Paediatric burn injuries are vulnerable to severe complications, most often infection, making prompt and precise diagnosis of bacterial bioburden vital to preventing detrimental consequences and optimizing patients’ outcomes. Currently, burn wounds are assessed for infection via examining the clinical signs and symptoms of infection, which can be confirmed by swab culture analysis. While the former approach is subjective and experience-dependant, the latter technique is susceptible to missing subsurface, biofilm-associated colonization and any peripheral bacterial burden, and also delays confirmation by up to 5 days. The MolecuLight i:X is a handheld, non-contact fluorescence imaging device, which can reveal real-time information about clinically-significant levels of bacteria and their biodistribution in surface and subsurface burn wound tissues. We conducted a single-centre observational study to assess the device efficacy in identifying critical bacterial levels in paediatric burn wounds and to test the children’s compliance and the overall feasibility of the device integration into the current diagnostic practice.
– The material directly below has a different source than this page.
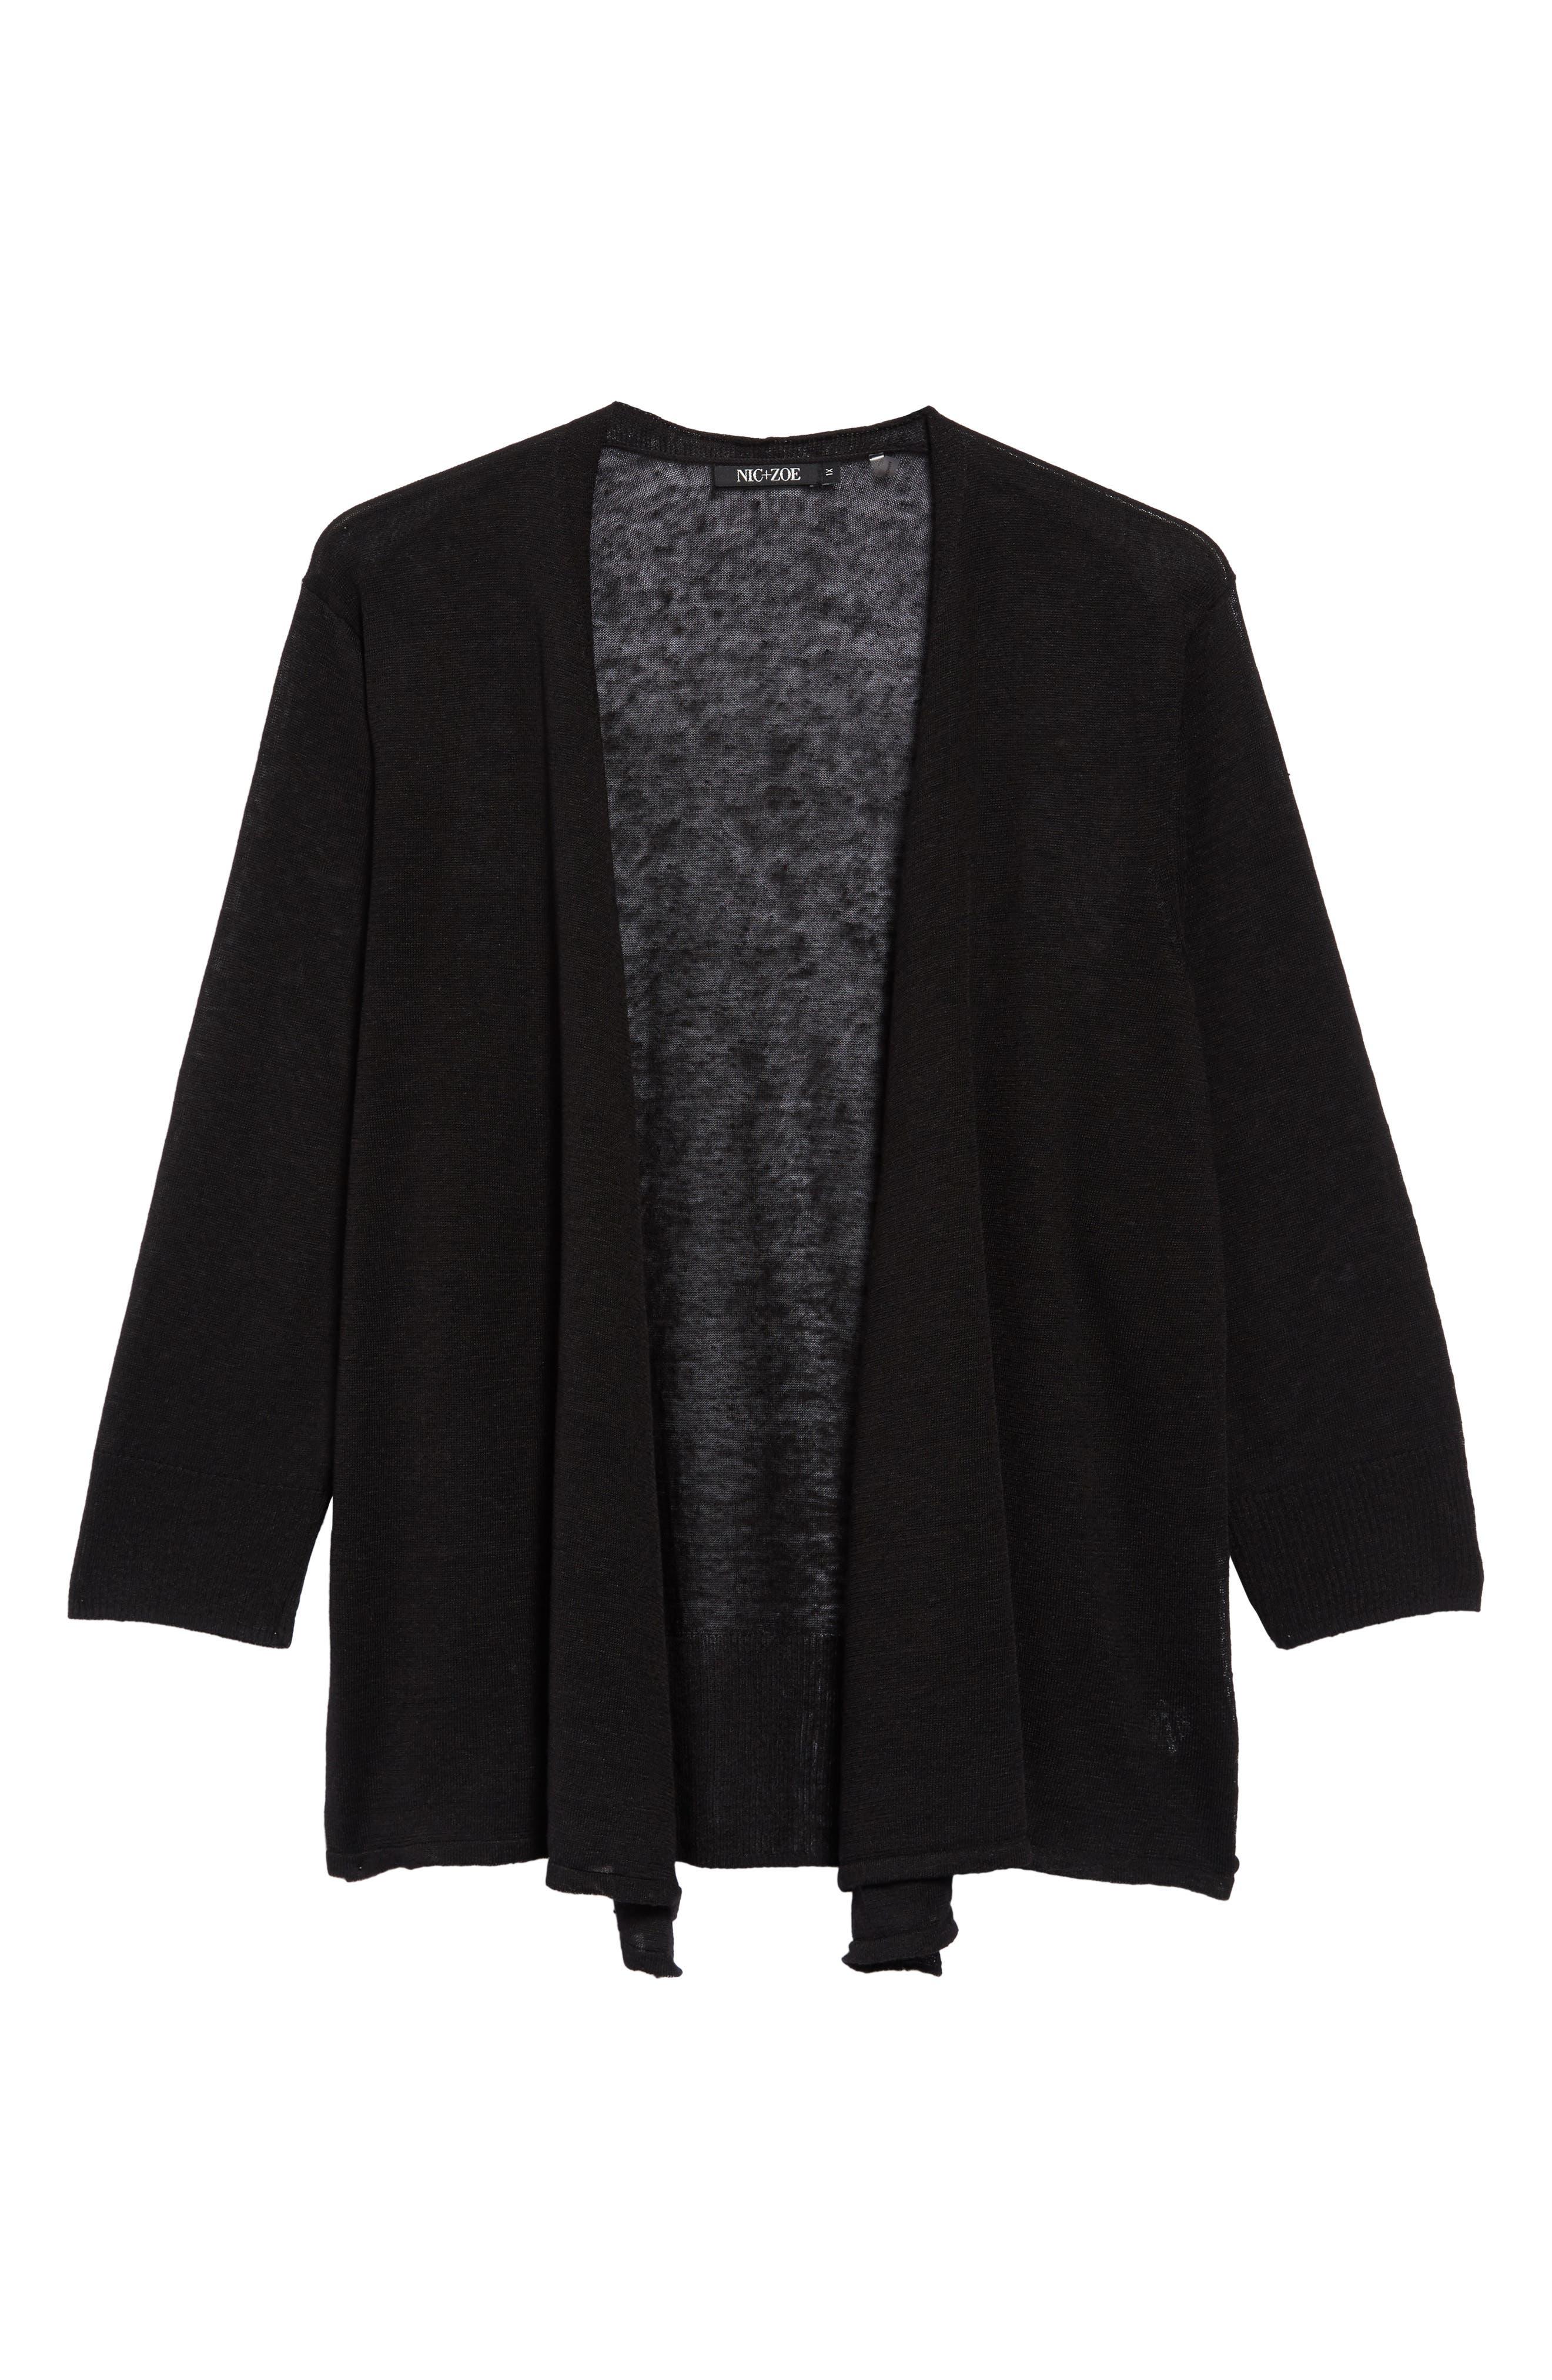 '4-Way' Three Quarter Sleeve Convertible Cardigan,                             Alternate thumbnail 2, color,                             BLACK ONYX

Ten patients with sixteen wounds were recruited and assessed for the presence or absence of clinical signs and symptoms of infection and the presence or absence of bacterial fluorescence on images, with swabs taken to confirm findings. Results demonstrate the device’s ability to visualize clinically-significant bacterial burden and to localize distribution of pathogens. All clinicians agreed on the high compliance with the device and high feasibility of incorporating the device into routine wound assessments. The results of this study may pave the way towards including bacterial fluorescence imaging into the standard diagnostic algorithm for paediatric burn population.